ATRAP deficiency does not enhance renal CAML and NFAT signaling pathway by senescence. Renal mRNA expression of factors in the CAML‐NFAT signaling pathway (A, CAML; B, NFAT1; C, NFAT3; D, NFAT4; E, IL‐2) in young and aged ATRAP‐KO and WT mice. Values are expressed as mean±SE (n=6–8). *P<0.05 vs young; **P<0.01 vs young; ^† P<0.05 vs WT mice; ^‡ P<0.01 vs WT mice.

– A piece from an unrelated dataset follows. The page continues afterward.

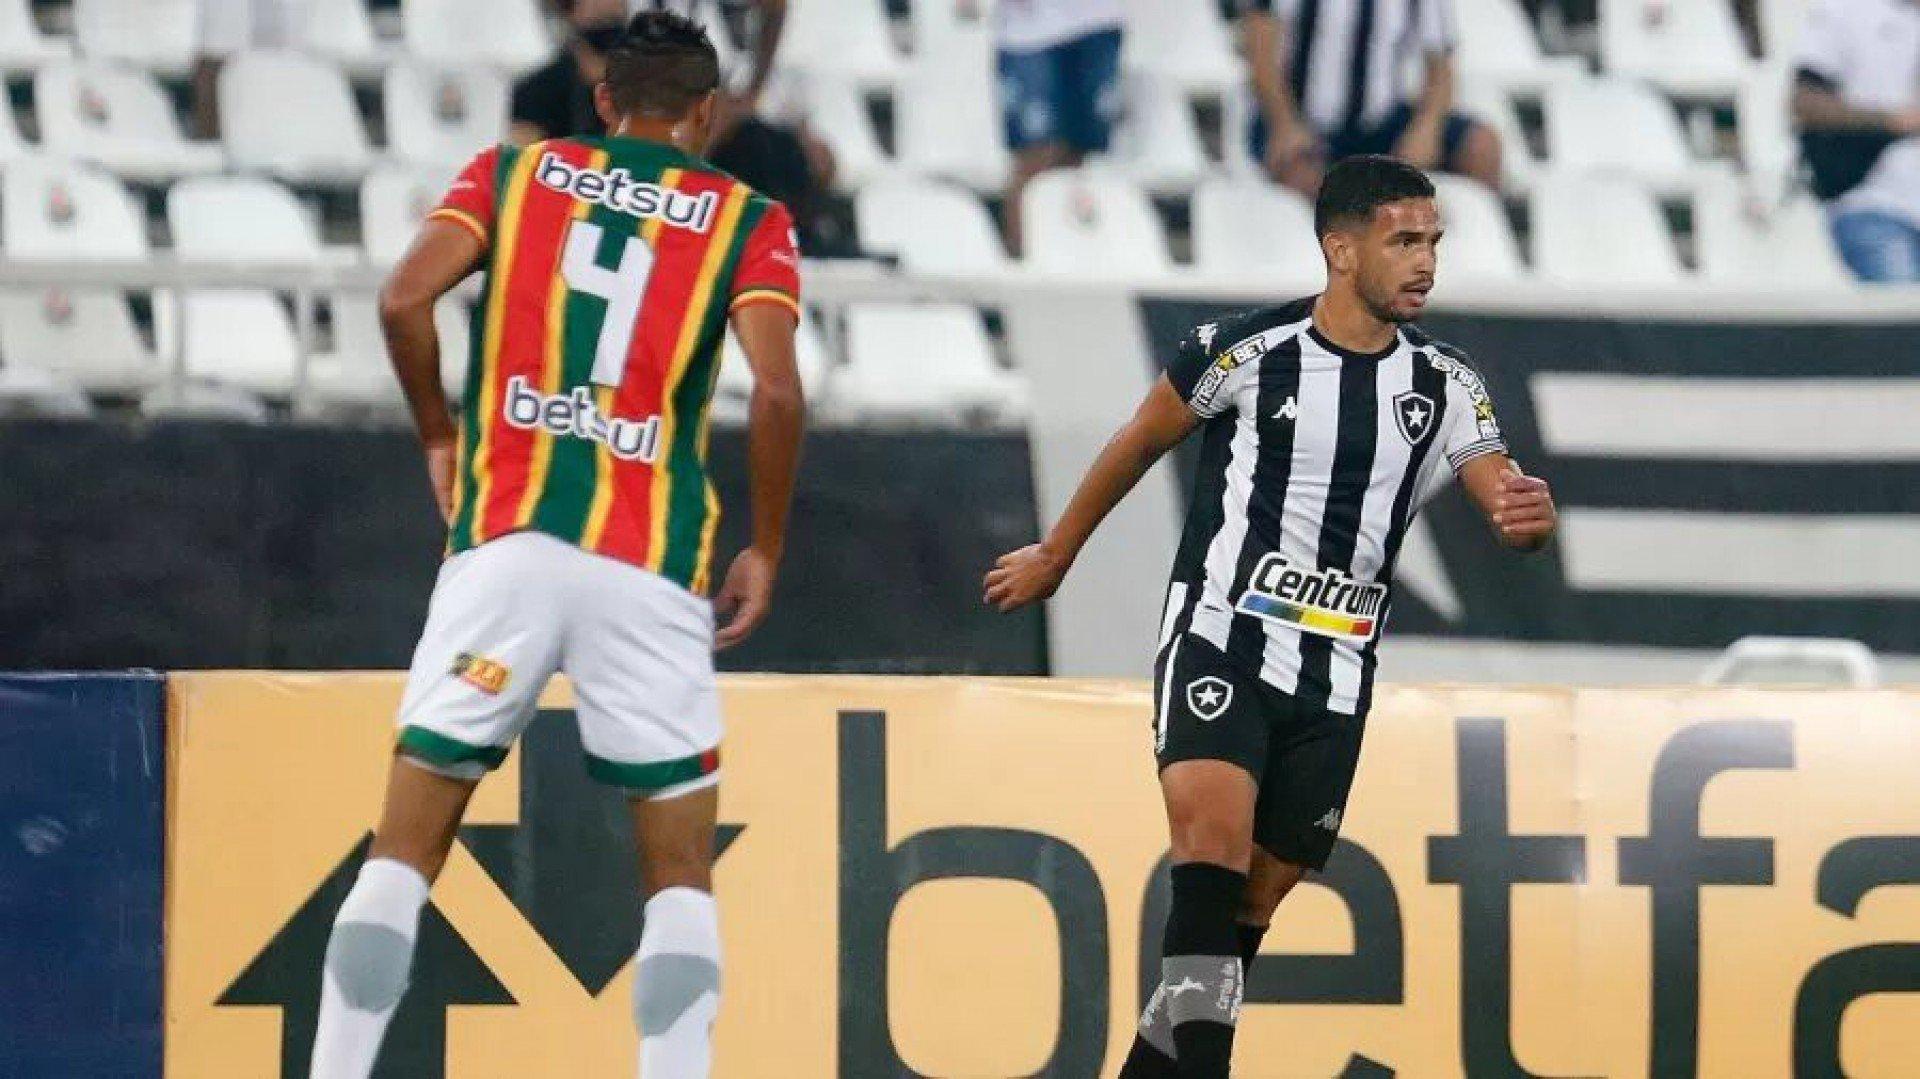 Marco Antônio exalta vitória do Botafogo e destaca que objetivo está sendo alcançado 'aos poucos'

ATRAP indicates angiotensin II type 1 receptor‐associated protein; CAML, calcium‐modulating cyclophilin ligand; IL‐2, interleukin‐2; KO mice, angiotensin II type 1 receptor‐associated protein‐knockout mice; NFAT1, cytoplasmic, calcineurin‐dependent 2 (NFATc2); NFAT3, nuclear factor of activated T cells, cytoplasmic, calcineurin‐dependent 4 (NFATc4); NFAT4, nuclear factor of activated T cells, cytoplasmic, calcineurin‐dependent 3 (NFATc3); WT mice, wild‐type mice.

Figure 9

ATRAP deficiency shortens life span. Cumulative survival of ATRAP‐KO mice (n=21) and WT mice (n=23) was analyzed using the Kaplan–Meier method. P=0.0002 vs WT mice by the log‐rank test. Median life spans of ATRAP‐KO mice and WT mice were 100.4 and 123.1 weeks, respectively. ATRAP indicates angiotensin II type 1 receptor‐associated protein; KO mice, angiotensin II type 1 receptor‐associated protein‐knockout mice; WT mice, wild‐type mice.